In short, it can be said that liberals and conservatives took it as a given that Obama's election would usher in the rise of a second Franklin Roosevelt - another bold, assertive liberal president who would bring the country into a new ideological era for the left much as Ronald Reagan did for the right. Yet when Democrats prepared to rally behind his banner, and Republicans began stocking up behind the barricades, both were shocked to find that what they got was a president whose didn't want to participate in partisan politicking, but instead hoped to bring the nation into an era of economic prosperity and international peace by getting everyone to work together toward the goals that were ultimately in all of their mutual interest. Both sides have reacted to this revelation predictably; liberals see this for what it is and are dismayed, while conservatives see it for what it is and, for their own selfish purposes, pretend that it's something else entirely.

There is only one president in American history who has successfully done what Obama is attempting (ignoring George Washington, who doesn't count since his presidency occurred in an era before political parties and who it was always taken for granted would serve two terms without opposition). That man was James Monroe, the 5th President of the United States, whose surprising ability to unify all ideological and demographic factions behind his leadership ultimately led to the dissolution of the primary opposition party of the time (the Federalist Party) and the dubbing of his administration's tenure as "The Era of Good Feelings" (1817-1825). Because of his larger-than-life persona, knack for inspiring trust among people from all political vantage points, and ability to create policies that both political parties could enthusiastically unite behind (which in those days included the right-wing Federalists and left-wing Democratic-Republicans), James Monroe not only became the only president to win an election with absolutely unanimous support (save only George Washington, of course), but his leadership put the final nail in the coffin of the already-dying Federalist Party, eventually prompting them to disintegrate entirely. Yet since "The Era of Good Feelings" ended with the controversial presidential election of 1824 (which gave rise to the bi-partisan system we still have today), most American presidents have assumed that ideological divisiveness was just a fact of life that could be disingenuously denied with pretty words but ultimately accepted by virtually everyone as inviolable. Though Obama himself may not realize it, he is the first president since James Monroe to disagree with that assumption. His dream, whether he realizes it in these terms or not, is to usher in a new "Era of Good Feelings".

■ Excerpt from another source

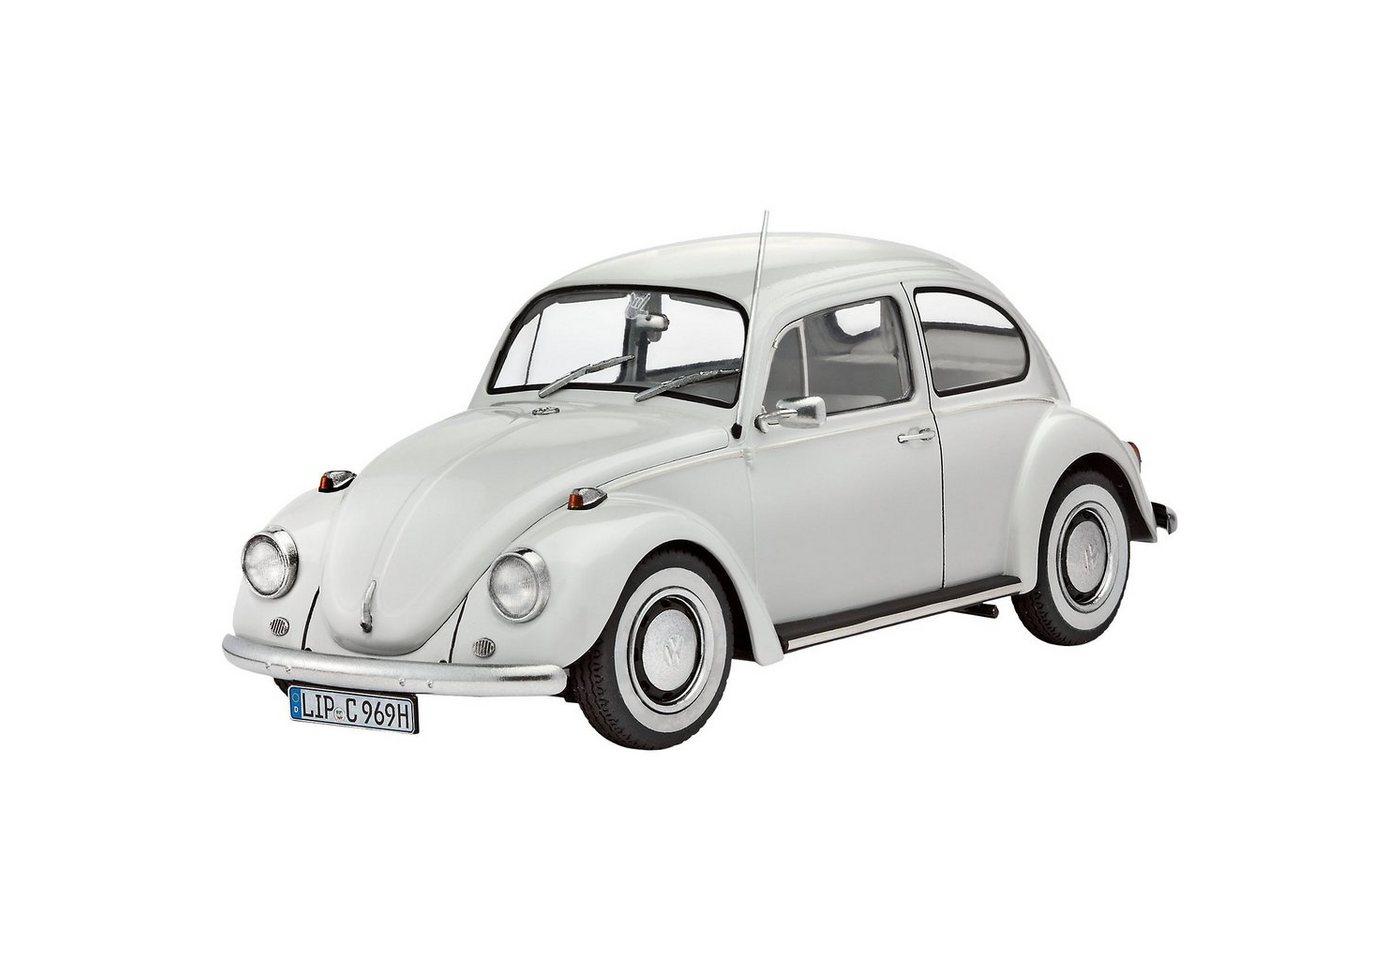 Revell® Modellbausatz VW Beetle Limousine 1968 im Maßstab 1:24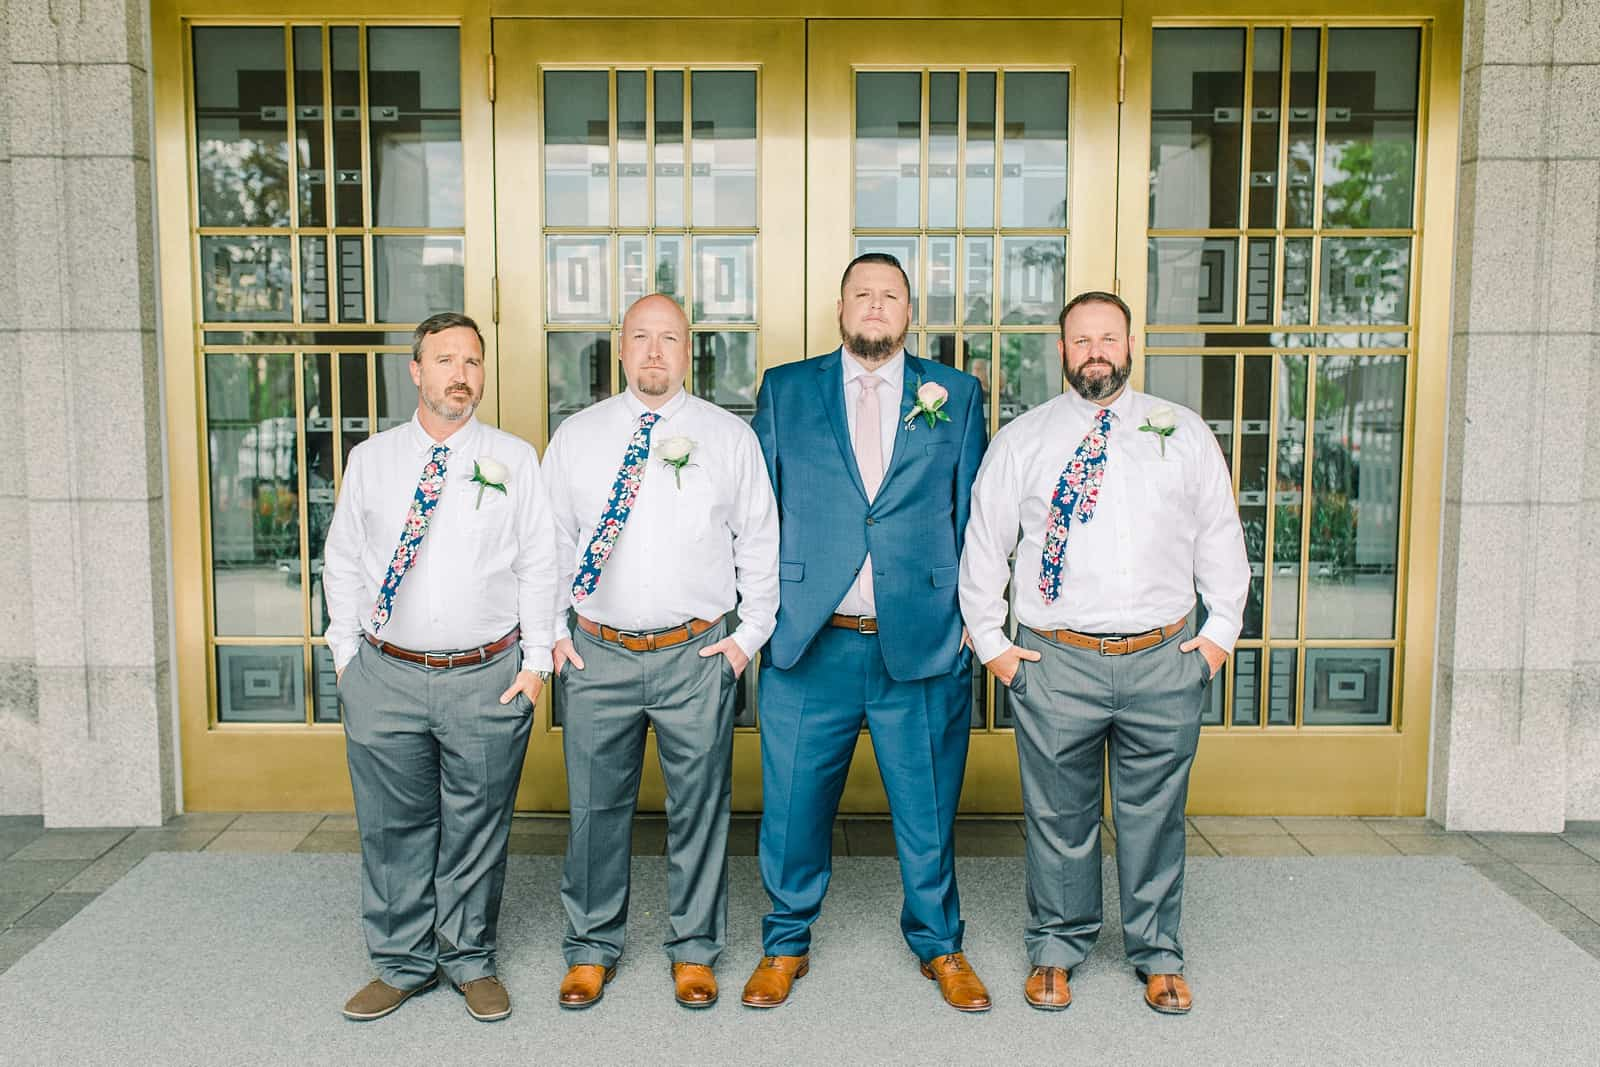 Draper LDS Temple Wedding, Utah wedding photography, summer backyard wedding, groom and groomsmen navy blue suit

Will he succeed? The short answer is no. The longer answer is no, because he misunderstands the nature of what causes his opponents to hate him (it isn't because of what he does or who he is, but rather the abstraction that he will forever represent to them). That said, he may very well see success in a sense quite different from the one he desires. Should his economic policies bring about a boom by mid-to-late 2011, Obama will be in a position to isolate the right-wing extremists who oppose him from the rest of the nation, and in so doing create the closest thing to an "Era of Good Feelings" style coalition that is possible in today's world - i.e, a political climate in which the opposition, though still present, is isolated and marginalized from the rest of the country (for more information on how that may happen, please see my articles, http://riskinghemlock.blogspot.com/2009/09/making-of-president-2012.html and http://riskinghemlock.blogspot.com/2009/09/follow-up-on-making-of-president-2012.html). Until then, though, Americans will have to live with an irony none of us had ever conceived was even possible: In a time when political leaders move to the center in order to bring everyone together and become popular, and gravitate toward extremes when they bravely accept unpopularity in the name of idealism, Obama is the first to refuse moving to an extreme even though it would make him popular, and instead determine to bring everyone together at the center even in the name of unpopularity.